Un presentimiento terrible cruzó por su cabecita. Ya había venido una vez un soldado a por los gatos y perros, fue durante la epidemia de rabia. Se los llevó al desierto, y no los volvieron a ver. Lo último que supo de su perro fueron dos pequeñas explosiones, a lo lejos. No estaba dispuesta a que volviera a ocurrir, así que cogió a sus pequeñines, y salió por la puerta trasera de la casa. Con ellos fue hasta las afueras, hasta la zona de las tiendas, donde nunca le habían dejado ir sola.
Allí también había mucho movimiento, los camellos estaban cargados hasta arriba, y la mayoría de las tiendas, estaban ya desmanteladas. Encontró a uno de los niños que iba a su clase, y le preguntó si se quería quedar con sus gatos. El niño le contestó que ellos también se iban, pero de todas formas, los metió en un saco. Siempre va bien tener a raya a las ratas de desierto, dijo.

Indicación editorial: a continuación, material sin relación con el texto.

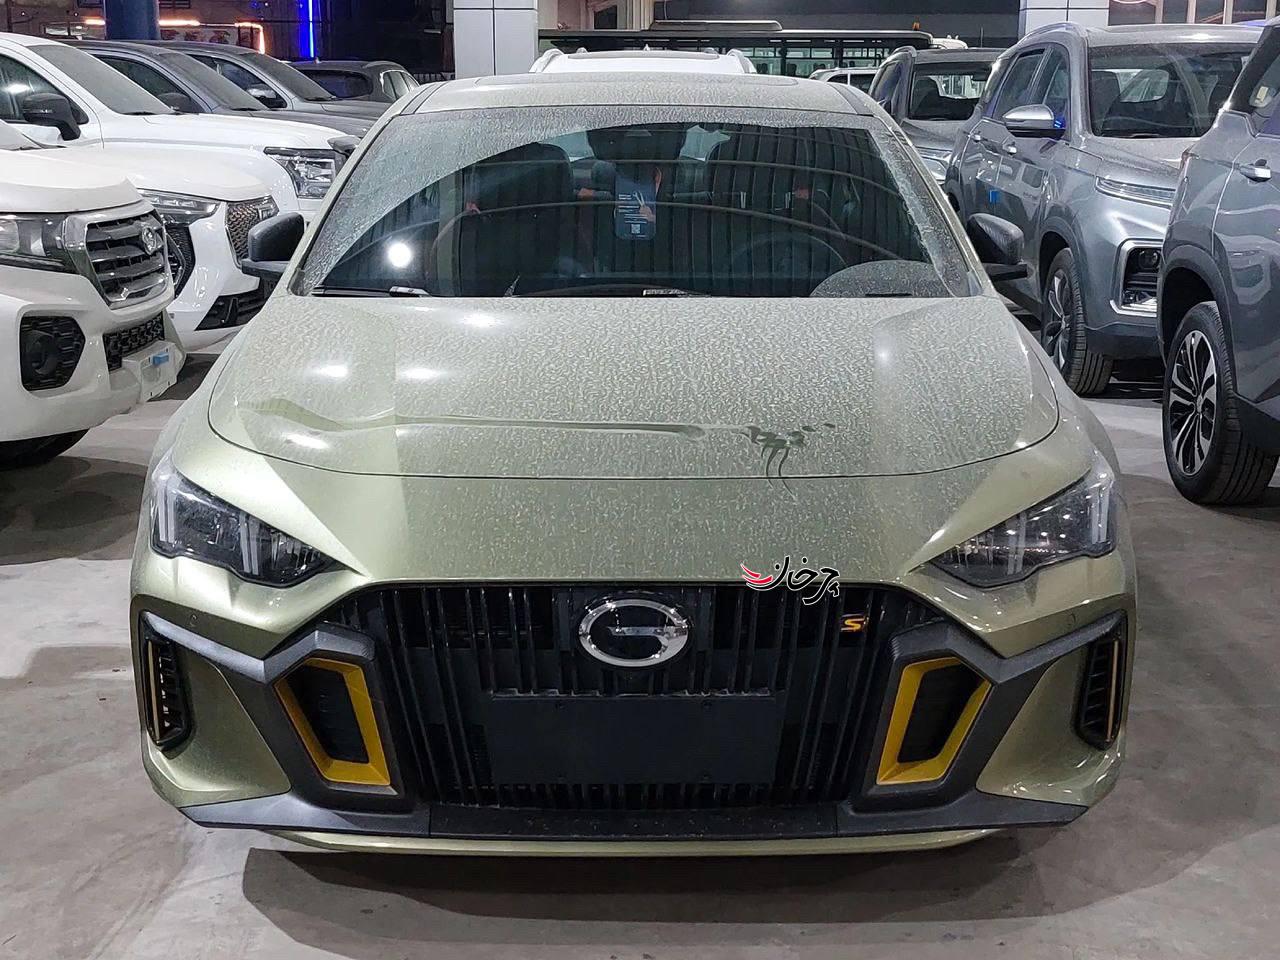 گک امپاو - GAC EMPOW خودرو وارداتی جدید بازار ایران

Regresó a casa, atravesando el pueblo, sin mirar a su alrededor. Todo estaba dentro del coche, y Papá y Mamá la estaban esperando impacientes. Mientras se dirigían a la playa, volvió la vista atrás, y vió como los habitantes de las afueras entraban en su casa, y en las de sus vecinos, y se llevaban todo lo que no había cabido en su coche. Vio niñas con sus ropas, alguien sacaba su cama por la ventana, y entre dos mujeres, cargaban con sus sábanas, y sus mantas.
La niña lloraba, pensando en sus gatos, en sus palomas, en su zorrito. ¿Quien le daría de comer esa noche a su zorrito?

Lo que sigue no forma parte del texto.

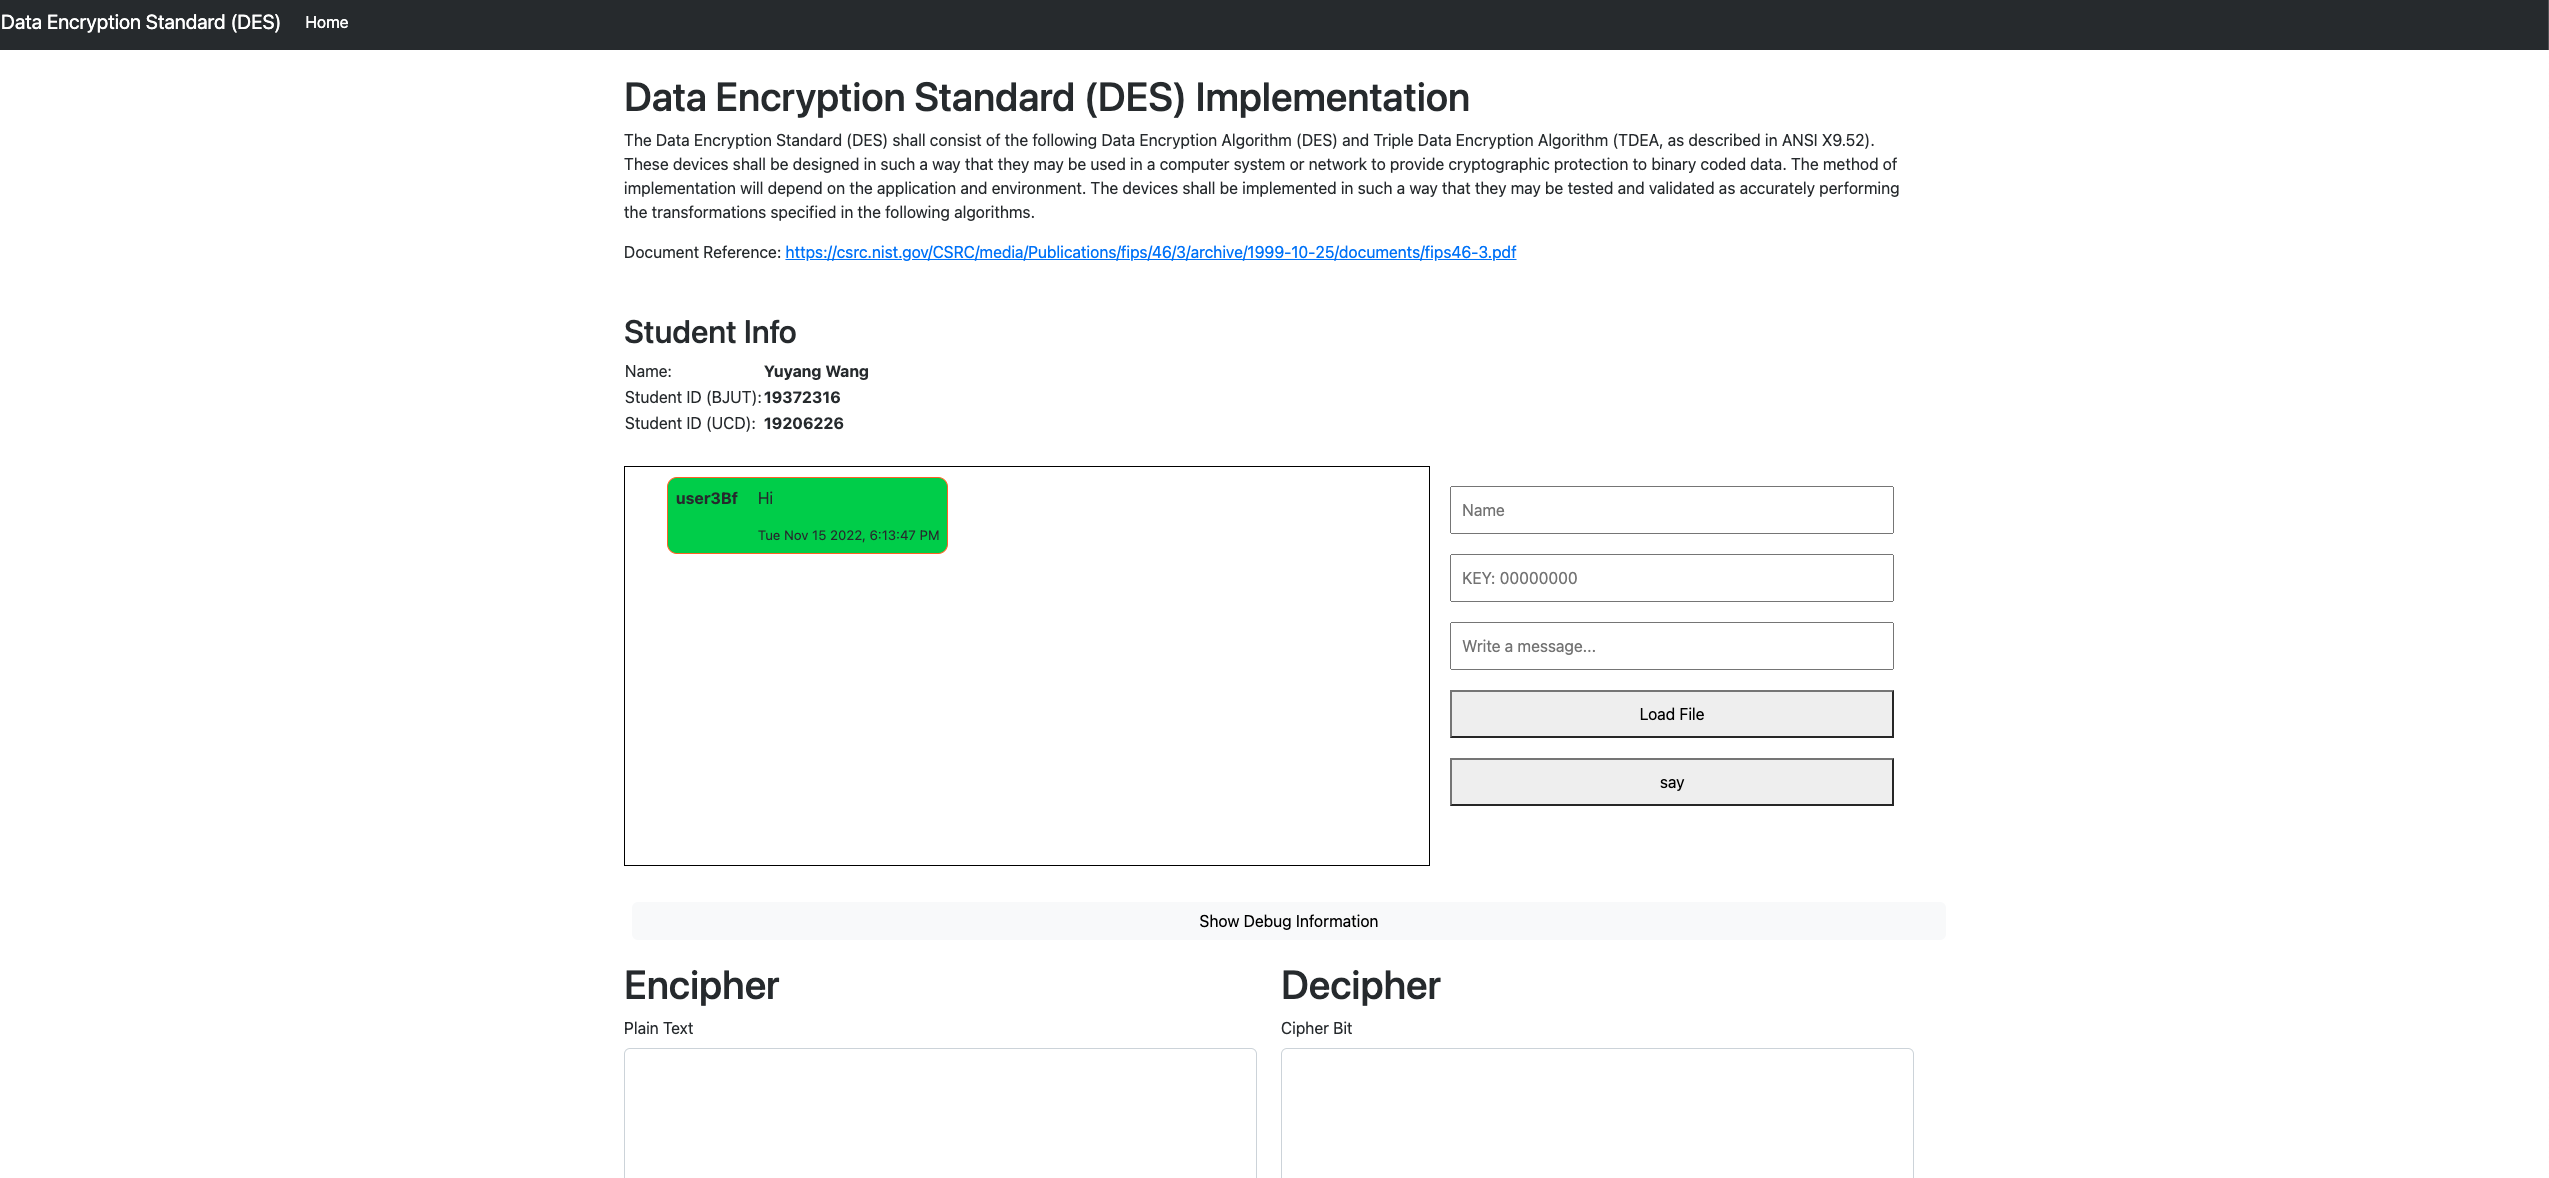 Data Encryption Standard (DES) based Secure Communication Application

Cuando llegaron a la playa, el barco más enorme que había visto en su vida, les esperaba en la orilla, con una plataforma que llegaba hasta la arena. Tenía dentro coches, y tanques, y unos enormes cañones, que nunca había visto tan de cerca. Los pocos habitantes del pueblo que todavía no se habían ido, cargaban sus cosas sobre la plataforma.
Papá entró dentro, con coche y todo, y después entraron ella y Mamá.
Era un día frío de otoño, y el mar estaba muy encrespado. Aquel barco se movía mucho, y no había donde sentarse, todo estaba lleno de cajas , bolsas y paquetes, gente asustada, y muchos soldados.
El último de los soldados subió al barco, llevaba en un pequeño paquete la bandera que siempre había estado en el ayuntamiento. Entonces una atronadora sirena les hirió a todos en los oídos, y se alejaron de la playa.
Al llegar a alta mar, ya era de noche, y otro barco les esperaba.
Tenían que cambiar de barco, pues el que les había recogido, solo servía para carga.
Pero se había desatado una tormenta, los dos barcos subían y bajaban, formando un estruendo muy desagradable, y la gente gritaba de terror.
Papá fue el primero en saltar los dos metros que separaban a los dos barcos, después de un soldado, y empezaron a pasar a los demás.
El rato que tardaron en pasar todos fue interminable, llovía, hacía frío, y estaban completamente a oscuras. Mamá estaba paralizada, y la tuvieron que tirar, literalmente, de un barco a otro.
A la niña la cogió alguien en brazos, y la lanzó por una ventana, donde la recogieron los brazos de Papá..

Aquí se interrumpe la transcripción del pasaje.